Daft [DOCS] quickstart-revision

This revision involves:

minor restructuring for better flow
more intro text to provide context and highlight Daft features
expanded and more fun/relatable code example that includes ML classification with UDFs

Still to do: [ ] upload Parquet file to public S3 bucket [x] store images on stable URL / check licensing [x] update all doc links [x] perfection revision of owner/dog name combos :D

Apr 15 '24 14:04 avriiil

Thanks for your thoughts @jaychia! I agree with most of your points. I've added commits for (1) a restructure to bring Expressions higher up,
(2) trimmed some sections that feel superfluous to me, (3) fixed nits**

LMK what you think :)

** I'm not sure about nit(5). Filtering rights now flows nicely into Query Planning which was an intentional bridge. We could also trim the Query Planning and instead point to this docs page or a new, separate page on Query Planning in Daft (which would be great to have)?

Apr 16 '24 14:04 avriiil

df = df.with_column("has_dog", df["has_dog"].apply(lambda x: True, return_dtype=DataType.bool())) this is probably not what we want? I think we'd want like a fillnull or something similar.
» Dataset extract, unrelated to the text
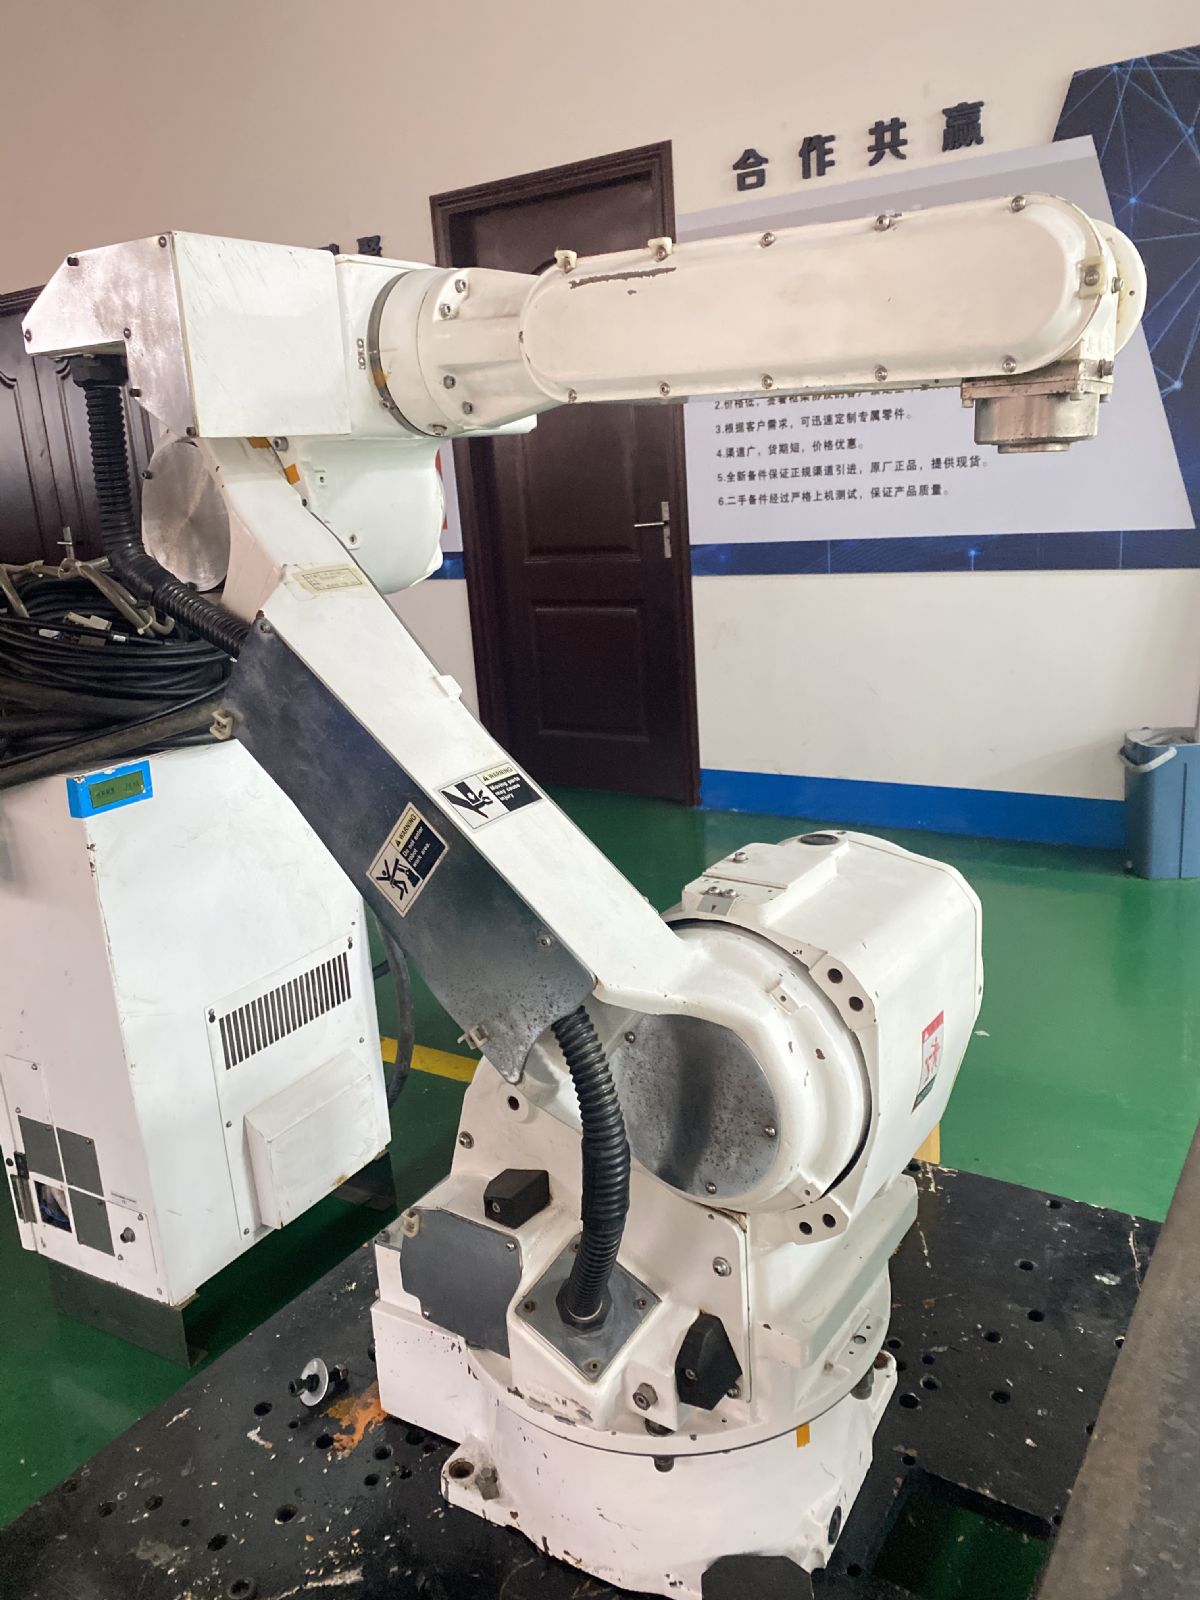 转让:安川机器人cr20 二手机器人、工业机器人
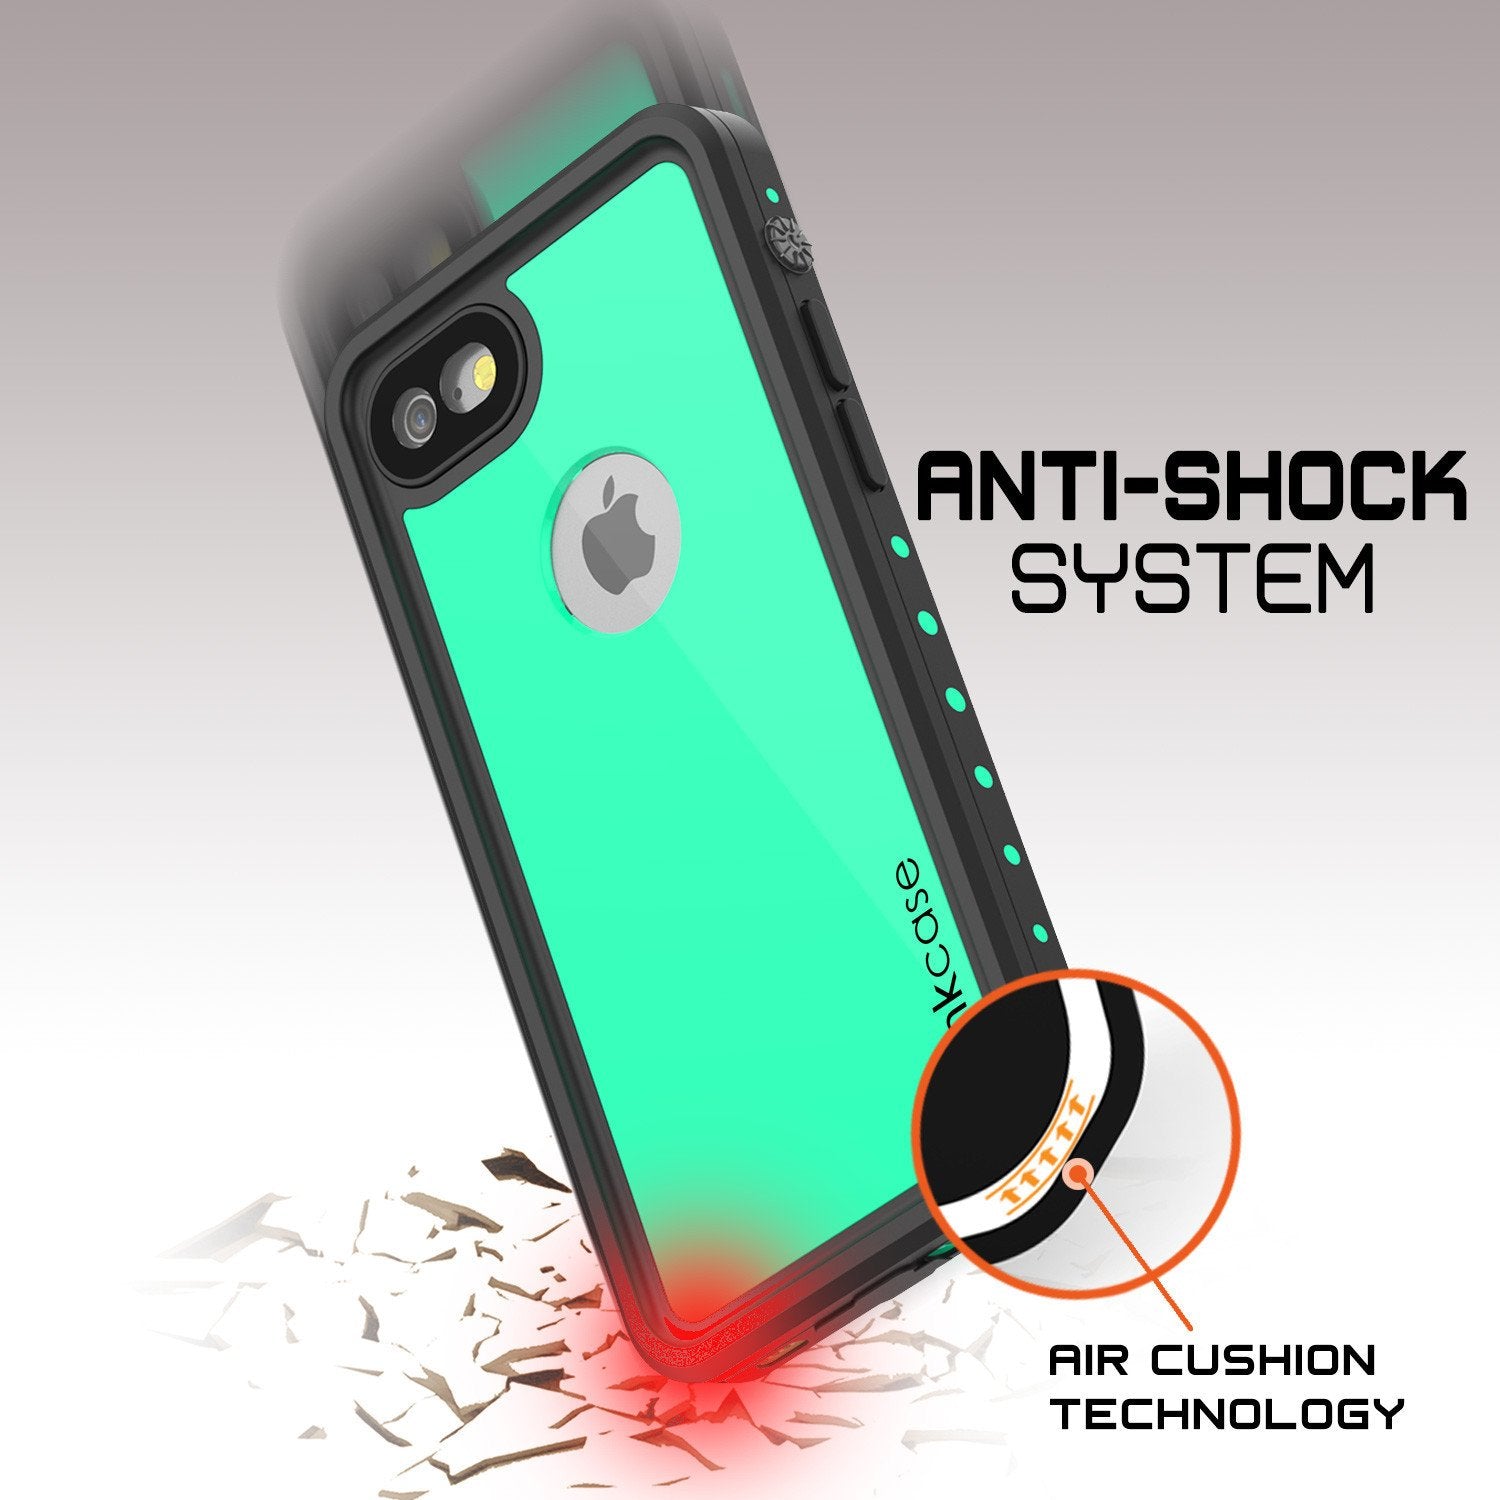 iPhone 7 Waterproof Case, Punkcase [Teal] [StudStar Series] [Slim Fit] [IP68 Certified] [Shockproof] [Dirtproof] [Snowproof] Armor Cover for Apple iPhone 7 & 7s

right, I was looking for something like that but couldn't find it in the docs. Maybe something like if expr.is_null > set value?

Apr 19 '24 09:04 avriiil

@jaychia - this should be good to go now!

Jul 09 '24 12:07 avriiil

Looks good to go mostly, some more things we should address before merge:

Closing ":

We've received some comments around not knowing how to use .select() for running expressions. Perhaps this section can be expanded a little to show that you can use expressions in a .select():

For this example, we shouldn't just be using .apply to set everything to True. Instead we can show an if_else:

I think this should work:

df["has_dog"].is_null().if_else(True, df["has_dog"])

Jul 15 '24 21:07 jaychia

Thanks for the sharp eye @jaychia , fixes made!

Jul 22 '24 11:07 avriiil